Michael glanced at her.
“The enemy,” Velamyr said. “We have to close this portal or risk an invasion by hostile monsters.”
“Didn’t look very hostile to me,” Ilea said.
“They’re the same we fought before, what are you talking about?” Hector asked.
“Did you not identify it?” she asked.
“No,” he admitted.
“That thing was a warrior. Likely a sapient being. A dark one,” Ilea said.
“Ah, I see,” Hector said.
“That is even worse,” Velamyr said. “Why did it not attack?”
“Because the mana here is not sufficient to supply its need,” Michael said.
“Huh. But they never went back before,” Hector said.
“They couldn’t,” Ilea suggested.
“And more kept coming anyway? If they’re sapient then they’re pretty fucking stupid,” Hector said and laughed.
Michael looked at them. “Excess mana is leaking into the surroundings. Sooner or later, they will be able to pass.”
Ilea noticed a blade of grass sprouting from the stone floor, seemingly out of nowhere.
“Michael, I need you to understand the danger we’re in. No matter what we gain out of this, I won’t risk letting an army of foreign sapient creatures invade these lands. Whatever you want, I’ll give it to you if you close this fissure.
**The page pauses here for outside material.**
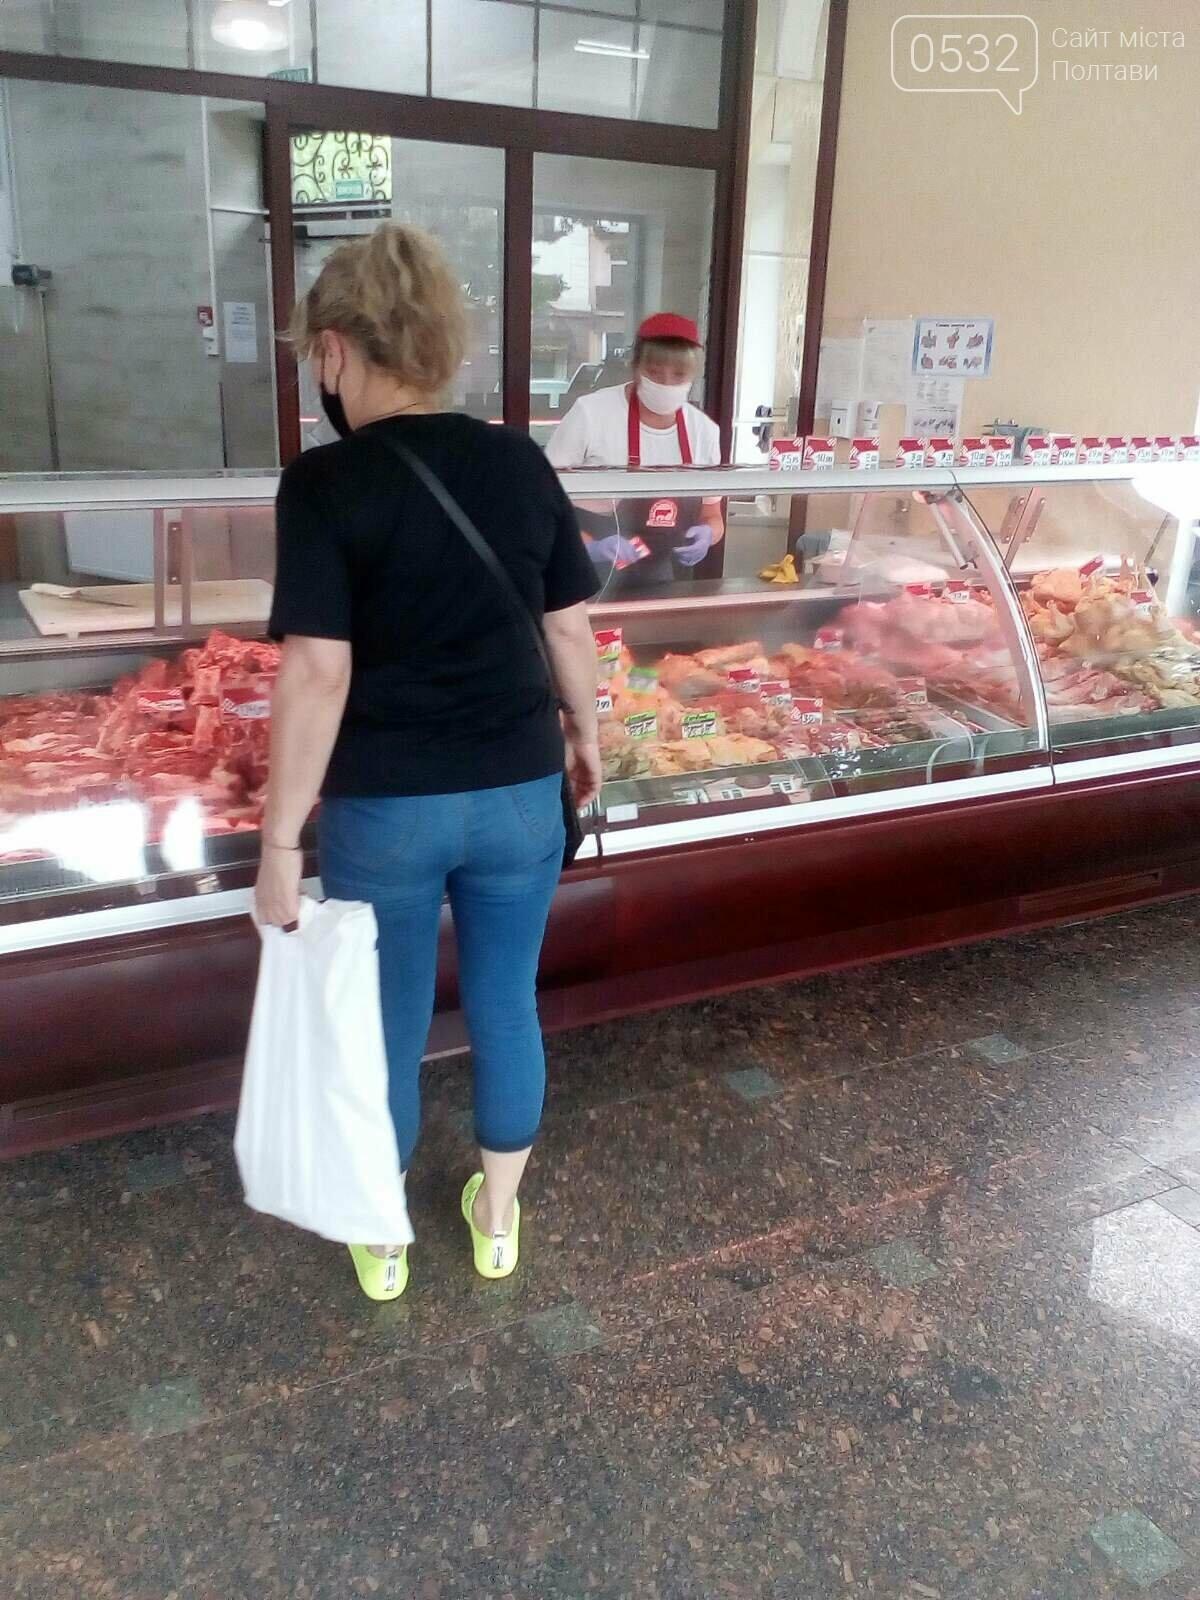 Держпродспоживслужба виявила низку порушень під час перевірок полтавських магазинів та кафе, фото-2

Now,” the General said.
“Not before I go through. I want to at least see what that place looks like. Been a while since I’ve been to another realm,” Hector said.
Ilea quirked up her eyebrows at that. He has a way to go back then?
“You will be stranded on the other side,” Velamyr said.
“Eh,” Hector said and waved his hand sideways.
Michael shook his head. “I cannot close this gate. It’s embedded into our reality and theirs. Lilith destroyed the ritual already. It’s no longer fueled by the runes.”
Velamyr ground his teeth audibly before he stepped closer to the thing. “Then we destroy what’s on the other side before they can do the same to us.”